# Shooting Table



## Hunting82 (May 13, 2010)

I was a little bored over the weekend so I decided to go outside and enjoy the weather and build something.


----------



## Wado (May 15, 2011)

Nice, has a drinkholder and everything. I've built several portable shooting tables but they are a bit unsteady and I need to come up with some way of keeping empties from rolling off into the dirt. I used to go to a friend of mines that had a shooting bench similar to that and it was rock solid. Only thing is you had to do a yellow jacket check before you sat down. One of them babies hitting you will mess up your group fast.


----------



## peckerwood (Jun 9, 2012)

If that's a spur of the moment kinda thing,A well thought out project would be a master-piece.Great job!


----------



## saltwatersensations (Aug 30, 2004)

very nice


----------



## hog_down (Jan 11, 2010)

Outstanding work, sir.


----------



## hog_down (Jan 11, 2010)

Outstanding work, sir.


----------



## Hunting82 (May 13, 2010)

Thanks fellas, hopefully I will be able to test it out soon


----------



## FishinDude1973 (Oct 3, 2012)

Very nice


Sent from my iPhone using Tapatalk


----------



## jm423 (Sep 18, 2011)

Hope you have good way to move it to range, certainly no featherweight. (Which it shouldn't be). Compliments, very nice job.


----------



## dwilliams35 (Oct 8, 2006)

I built a similar design a few years back on skids so I could just drag it around with whatever I want to pull it with, and one thing I have been intending to do is making a "door" on the top, which once "opened" would leave a hole to stick an AR magazine through so you can use the same shooting position as a standard configuration rifle, instead of having to build up shooting rests to gain magazine clearance.


----------



## Bocephus (May 30, 2008)

dwilliams35 said:


> I built a similar design a few years back on skids so I could just drag it around with whatever I want to pull it with, and one thing I have been intending to do is making a "door" on the top, which once "opened" would leave a hole to stick an AR magazine through so you can use the same shooting position as a standard configuration rifle, instead of having to build up shooting rests to gain magazine clearance.
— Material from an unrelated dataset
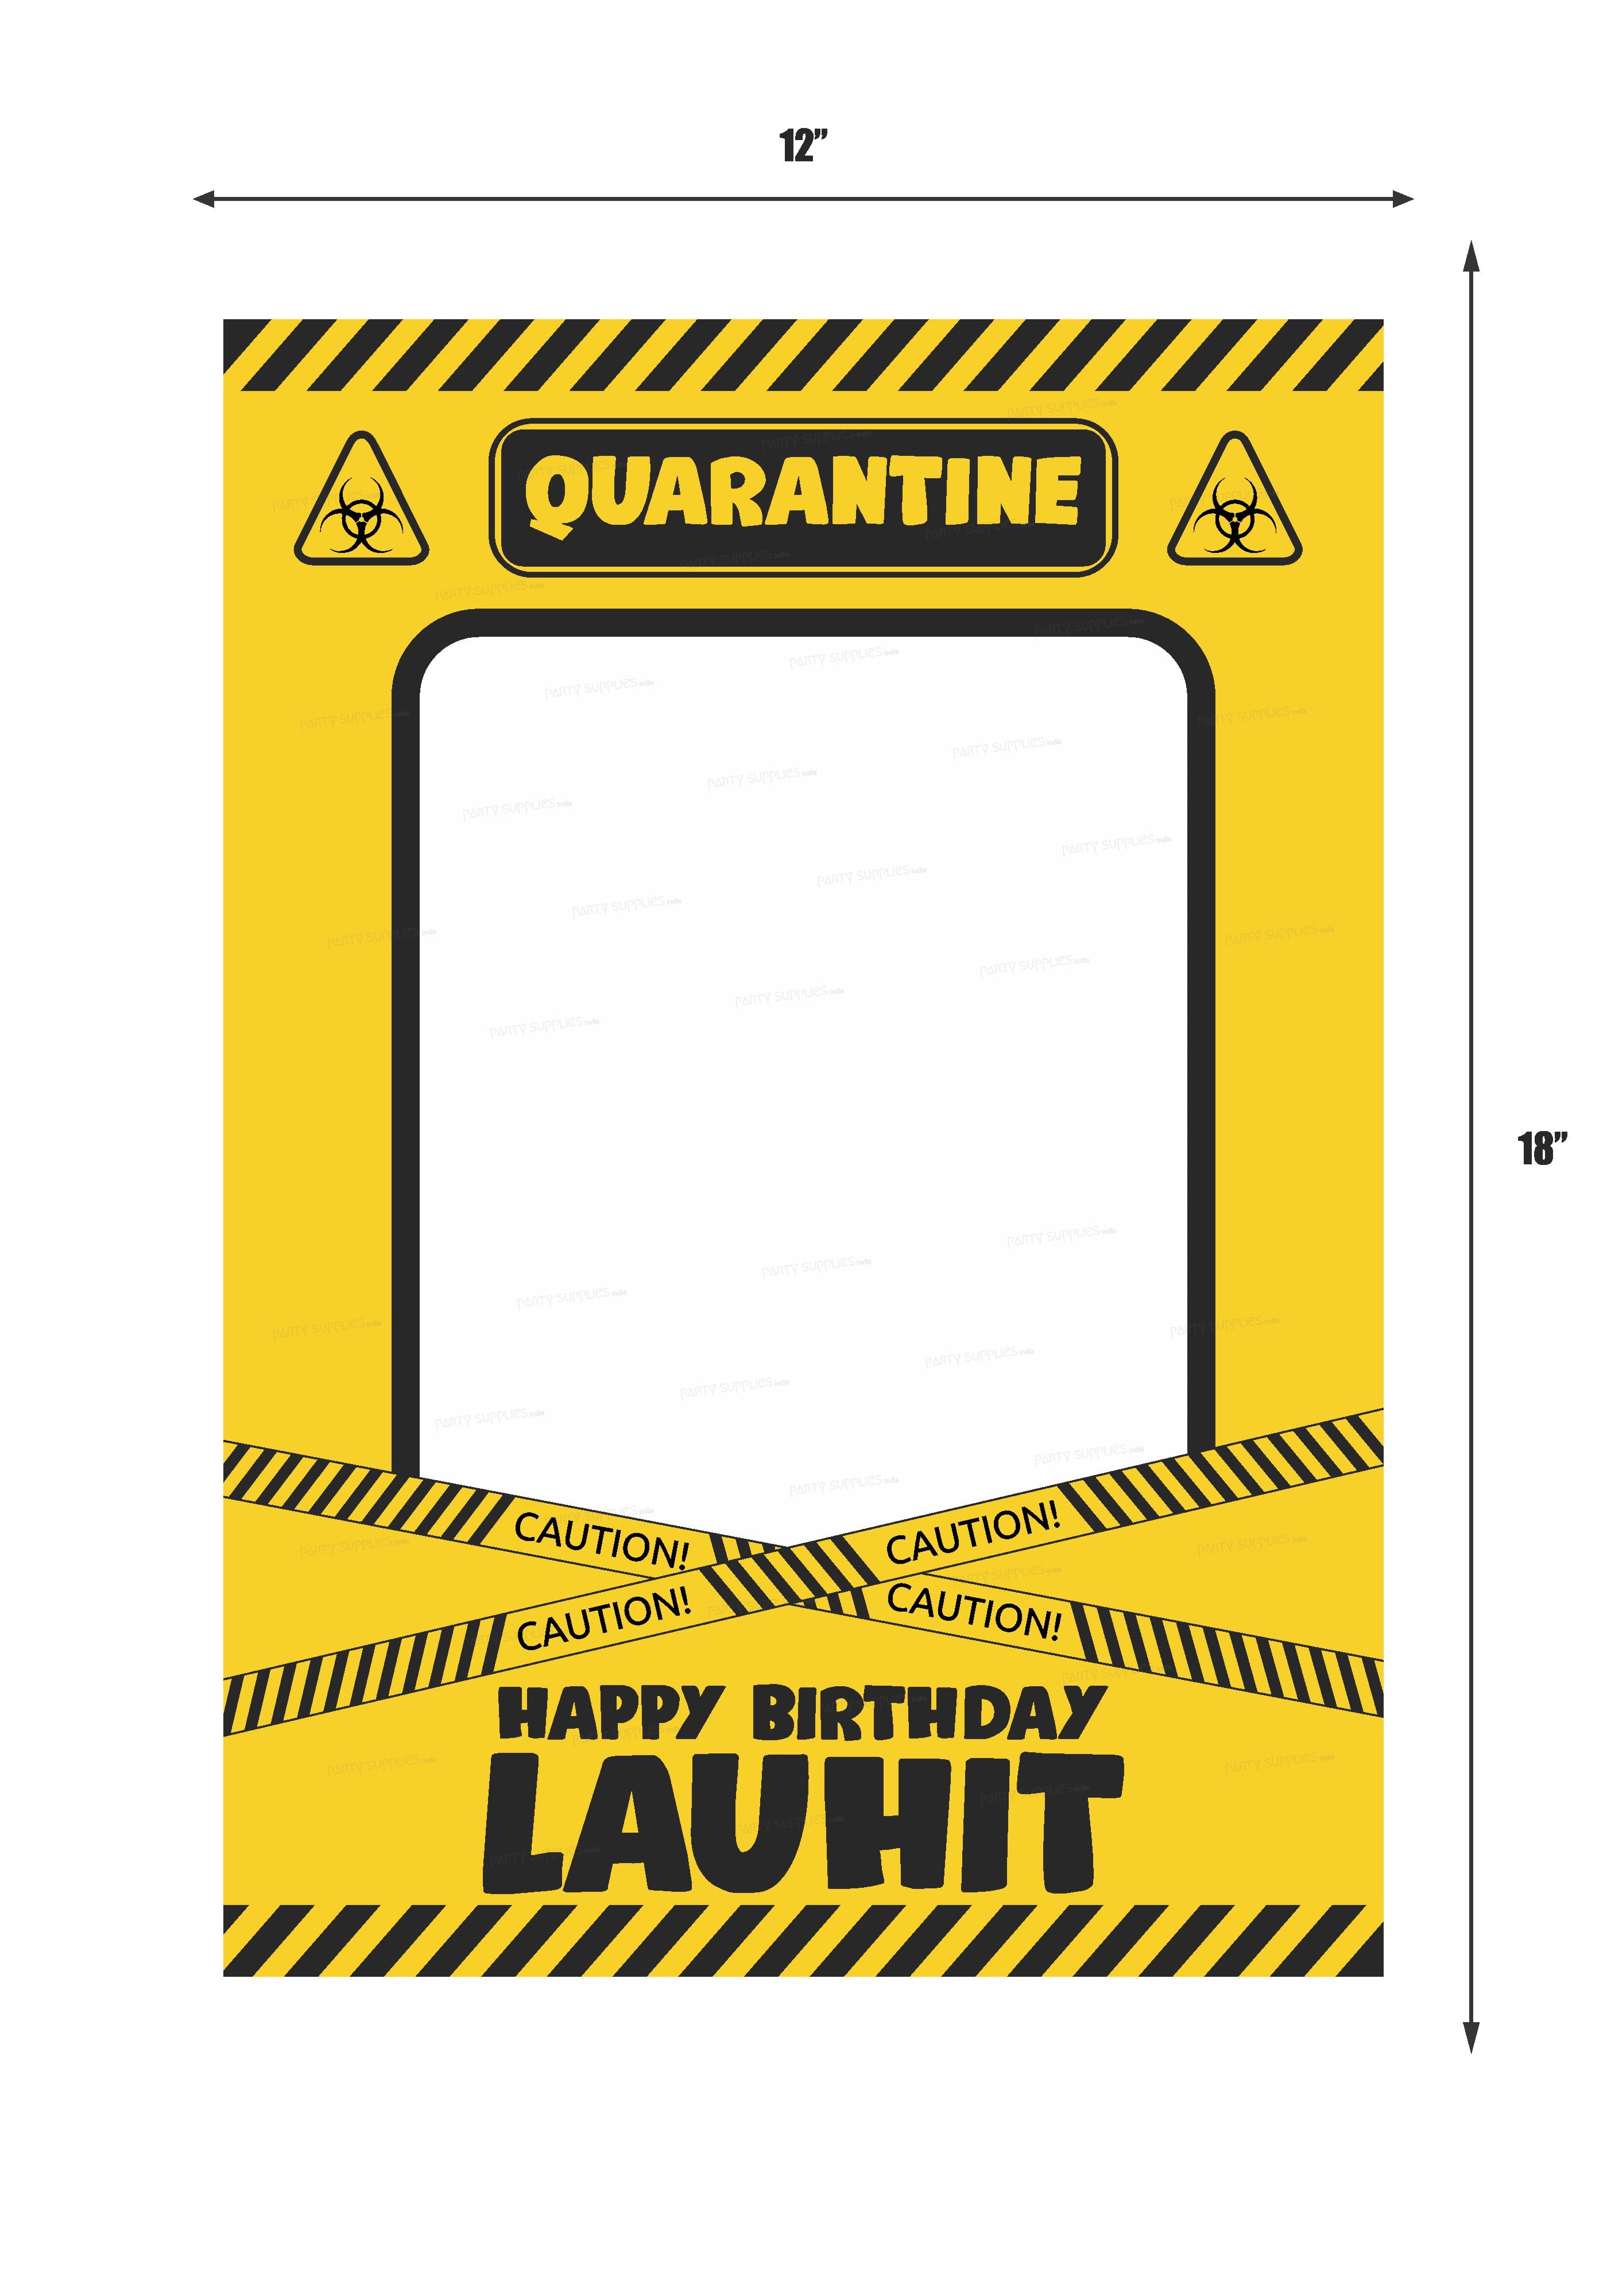 PSI Quarantine Theme Customized PhotoBooth

I bought a couple of 10 round magpul mags just for the range.


----------



## dwilliams35 (Oct 8, 2006)

Bocephus said:


> I bought a couple of 10 round magpul mags just for the range.
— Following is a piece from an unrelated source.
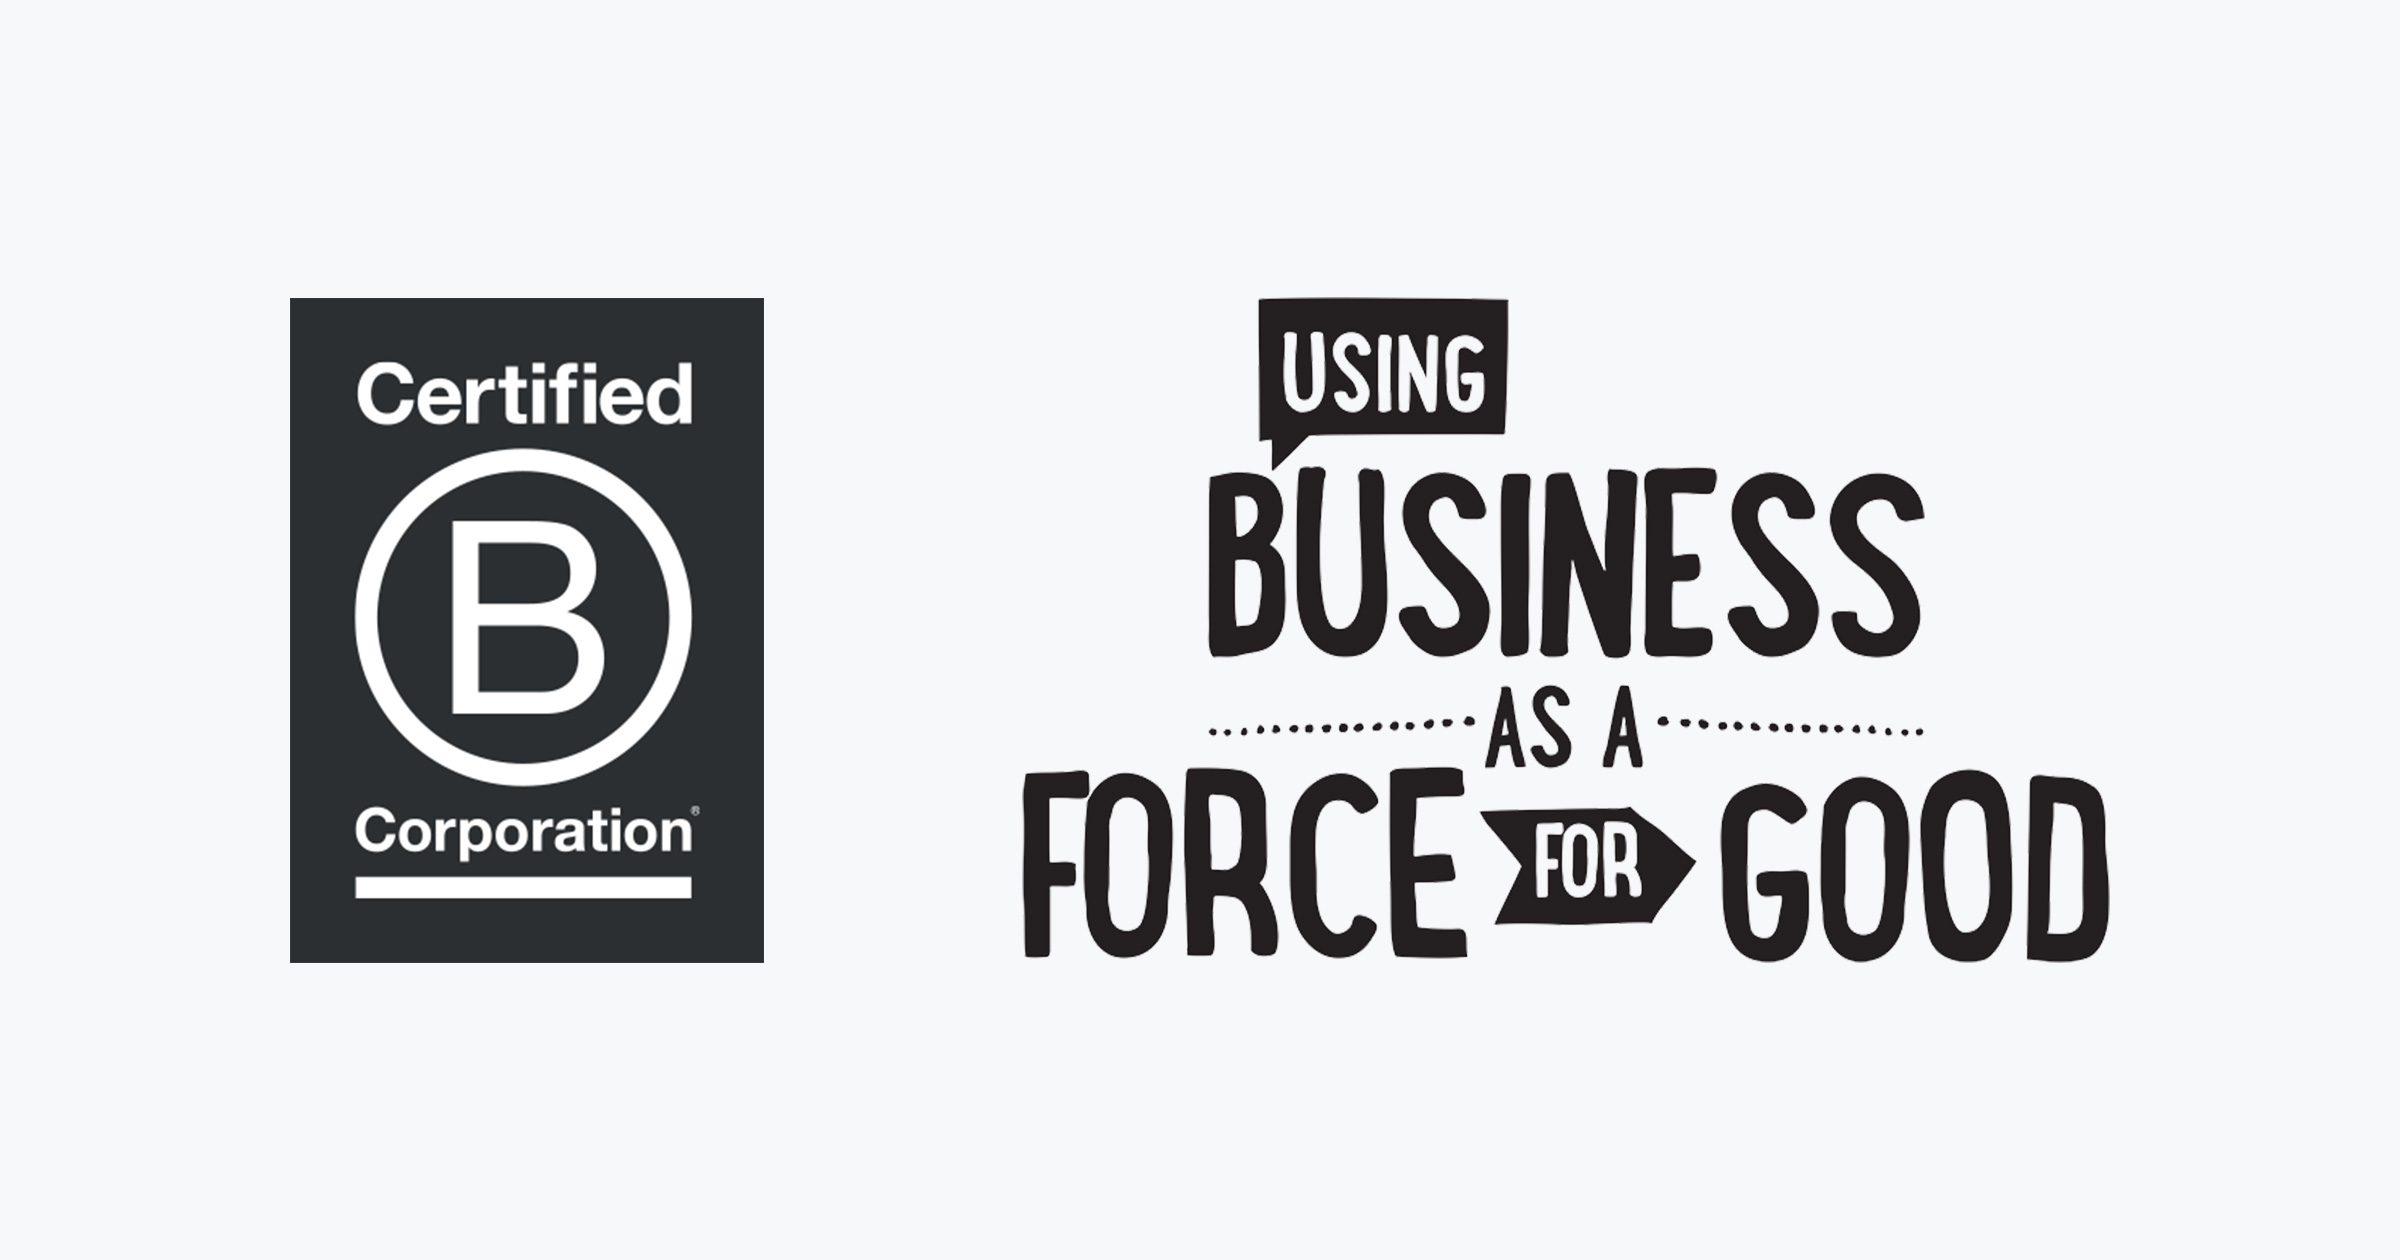 B Corp logos

. I have too, although some of them are pretty hard to find.. I still keep running into issues where the magazine (and pistol grip, for that matter) are forcing me to change shooting position on the bench. That trapdoor is still somewhere in the "to do" list, at this point it's probably sitting somewhere around the spring of 2019....


----------



## nckrsamford (Jan 2, 2018)

Paint the bottom baby blue. Works pretty dang good for keeping hornets from nesting!


----------